= Financial independence =

Accumulation of sufficient resources to not need employment

Financial independence is a state where an individual or household has accumulated sufficient financial resources to cover its cost-of-living expenses without having to depend on active employment or work to earn money in order to maintain its current lifestyle. These financial resources can be in the form of investment or personal use assets, passive income, income generated from side jobs, inheritance, pension and retirement income sources, and varied other sources.

Gaining financial independence should not be confused with not doing any work. Financial independence describes the freedom to make individual choices, including pursuing passions.

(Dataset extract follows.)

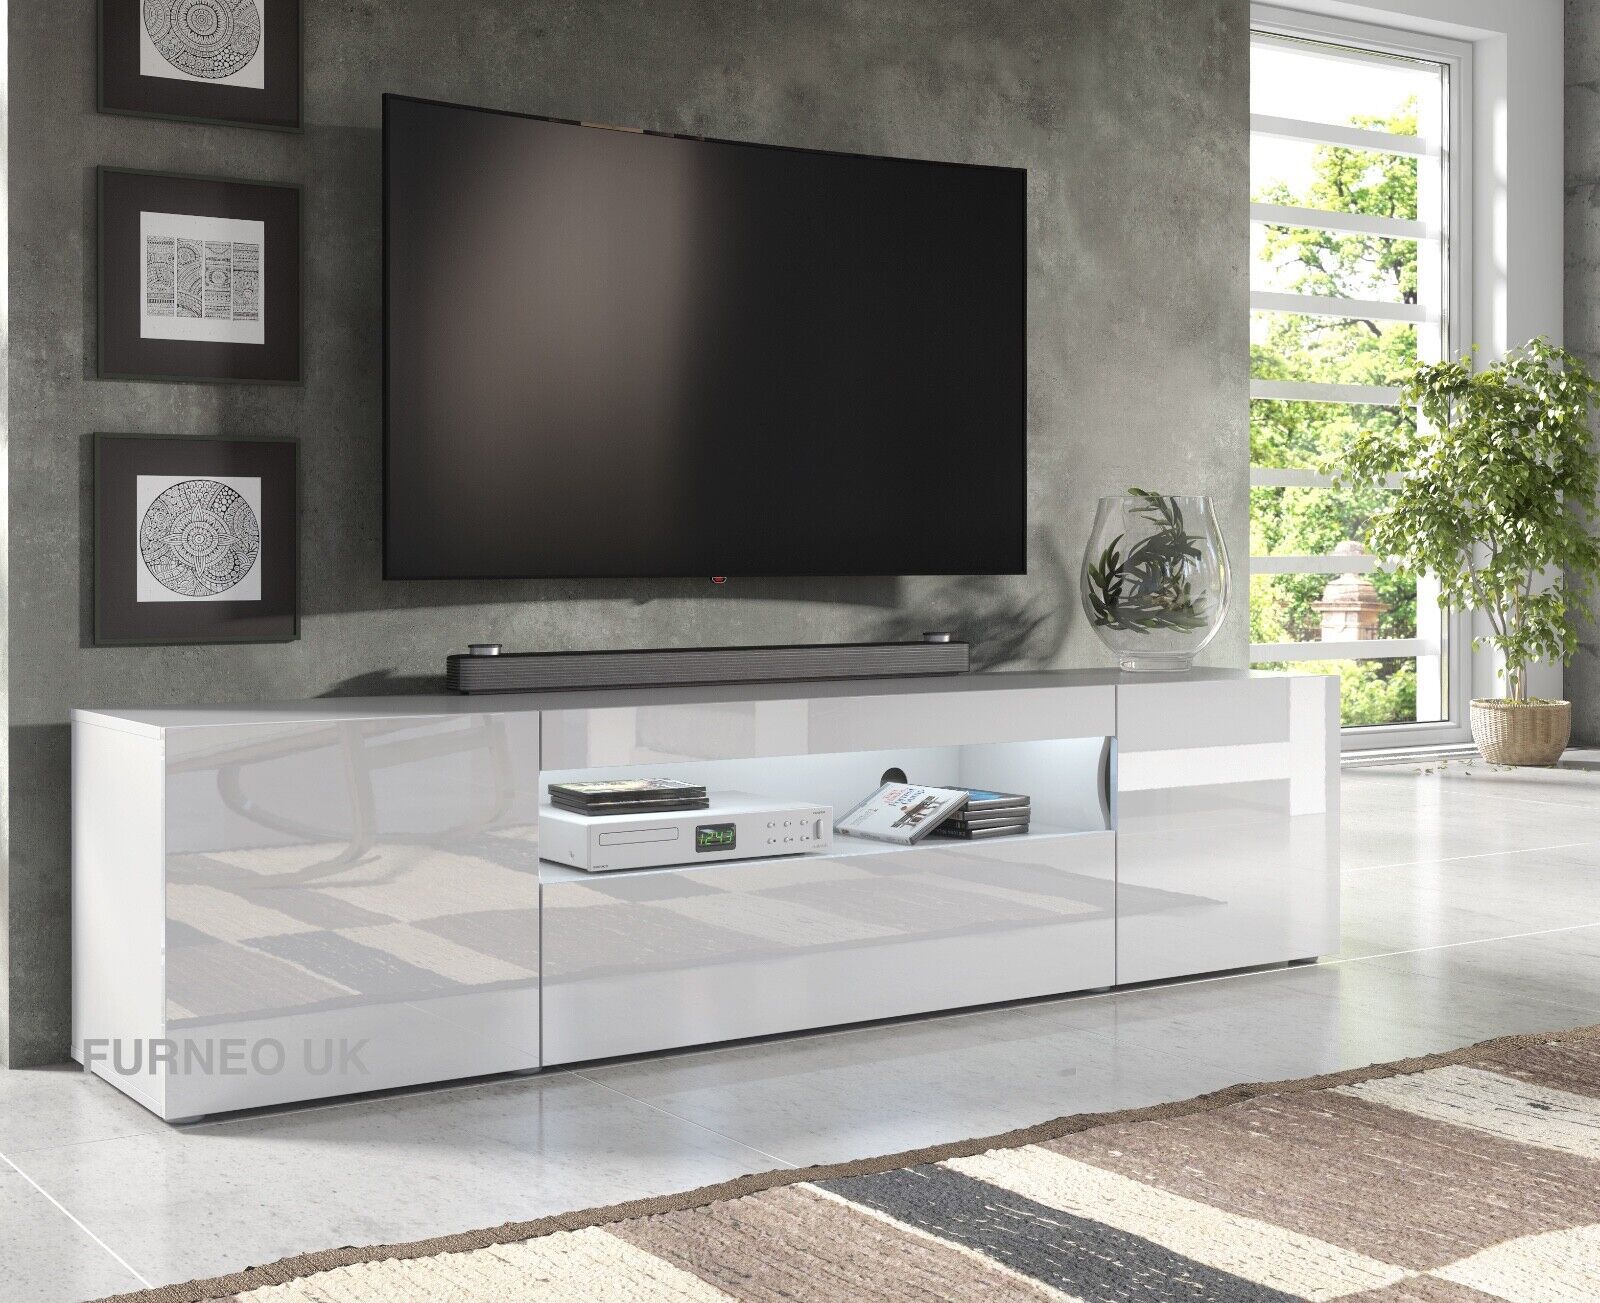 200cm Tv Stand White Unit Modern Long Cabinet Gloss &matt Clifton8 Led  Lights | Ebay Intended For White Tv Stands Entertainment Center (Photo 1 of 15)

Researchers posit that childhood experiences with money play a pivotal role in shaping values, attitudes, and financial behavior. Financial independence is a subjective concept and can be interpreted differently by different individuals. Some people practice frugal living, save and invest a large percentage of income to achieve financial independence early in their career, as evidenced by people following the "financial independence retire early (FIRE)" movement, while others are in pursuit of traditional old-age retirement. Financial independence can be a modest lifestyle or one with a higher standard of living. Having a financial plan and budget, can provide a clear view of current incomes and expenses, to help identify and choose appropriate strategies to achieve financial independence.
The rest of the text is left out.